Phase 2b study: Rezpegaldesleukin demonstrates efficacy in atopic dermatitis patients | Image Credit: © Марина Терехова - stock.adobe.com.

Phase 2b study: Rezpegaldesleukin demonstrates efficacy in atopic dermatitis patients | Image Credit: © Марина Терехова - stock.adobe.com.

Nektar Therapeutics has reported new data from the REZOLVE-AD phase 2b trial of rezpegaldesleukin, an interleukin-2 (IL-2) pathway agonist designed to expand regulatory T cells (Tregs), in patients with moderate to severe atopic dermatitis. Results were presented during a late-breaking oral session at the 2025 European Academy of Dermatology and Venereology (EADV) Congress in Paris, France.1,2

The randomized, double-blind study enrolled 393 adult patients who received subcutaneous rezpegaldesleukin at 24 µg/kg every 2 weeks, 18 µg/kg every 2 weeks, 24 µg/kg every 4 weeks, or placebo. Primary and secondary endpoints were assessed at week 16, with an ongoing blinded maintenance period extending treatment up to week 52.

Efficacy outcomes

Rezpegaldesleukin achieved statistical significance for the primary endpoint of mean improvement in the Eczema Area and Severity Index (EASI) at week 16 across all treatment arms compared with placebo. Patients in the high-dose arm demonstrated a 61% mean reduction in EASI from baseline versus 31% in the placebo group. Significant improvements were also observed in EASI-75, EASI-90, validated Investigator Global Assessment for Atopic Dermatitis (vIGA-AD) 0/1 responses, itch numerical rating scale (NRS), and body surface area (BSA) involvement.

Patient-reported outcomes also favored rezpegaldesleukin. At week 16, 72% of patients in the high-dose group achieved at least a 4-point reduction on the Dermatology Life Quality Index (DLQI) compared with 54% receiving placebo. Improvements were also seen in Atopic Dermatitis Control Tool (ADCT) scores, pain NRS, and sleep disturbance measures.

Jonathan Silverberg, MD, PhD, MPH, professor of dermatology at the George Washington University School of Medicine and Health Sciences, who presented the data, noted, “These data from REZOLVE-AD presented today show a rapid onset of treatment effect for both clinician-assessed and patient-reported outcomes following the first few doses of rezpegaldesleukin. In addition, for the first time, we observe a deepening of clinical effect for patients with extended dosing of investigational therapy beyond 16 weeks, with a strengthening of absolute EASI reduction, along with higher EASI-75 and vIGA 0/1 response rates following 24 weeks of treatment.”

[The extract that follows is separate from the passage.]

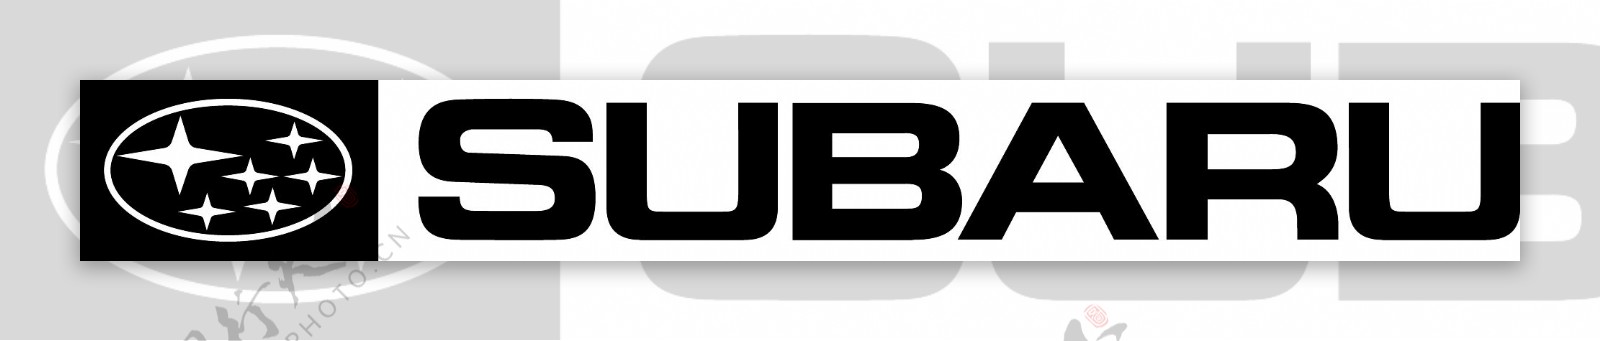 斯巴鲁logo3

Among 42 patients who crossed over from placebo into the high-dose treatment arm after week 16, the mean percent reduction in EASI improved from 68% at week 16 to 75% at week 24, with corresponding increases in EASI-75 and vIGA-AD 0/1 response rates.

Safety profile

Safety findings were consistent with prior studies. Treatment-emergent adverse events (TEAEs) occurred in 80% of patients receiving rezpegaldesleukin compared with 58% in the placebo group. The most common events were mild to moderate injection site reactions, pyrexia, and nasopharyngitis. Severe adverse events were infrequent, and no new safety signals such as conjunctivitis, oral ulcers, or cardiovascular events were observed. One death occurred in the escape arm, deemed unrelated to study treatment by investigators.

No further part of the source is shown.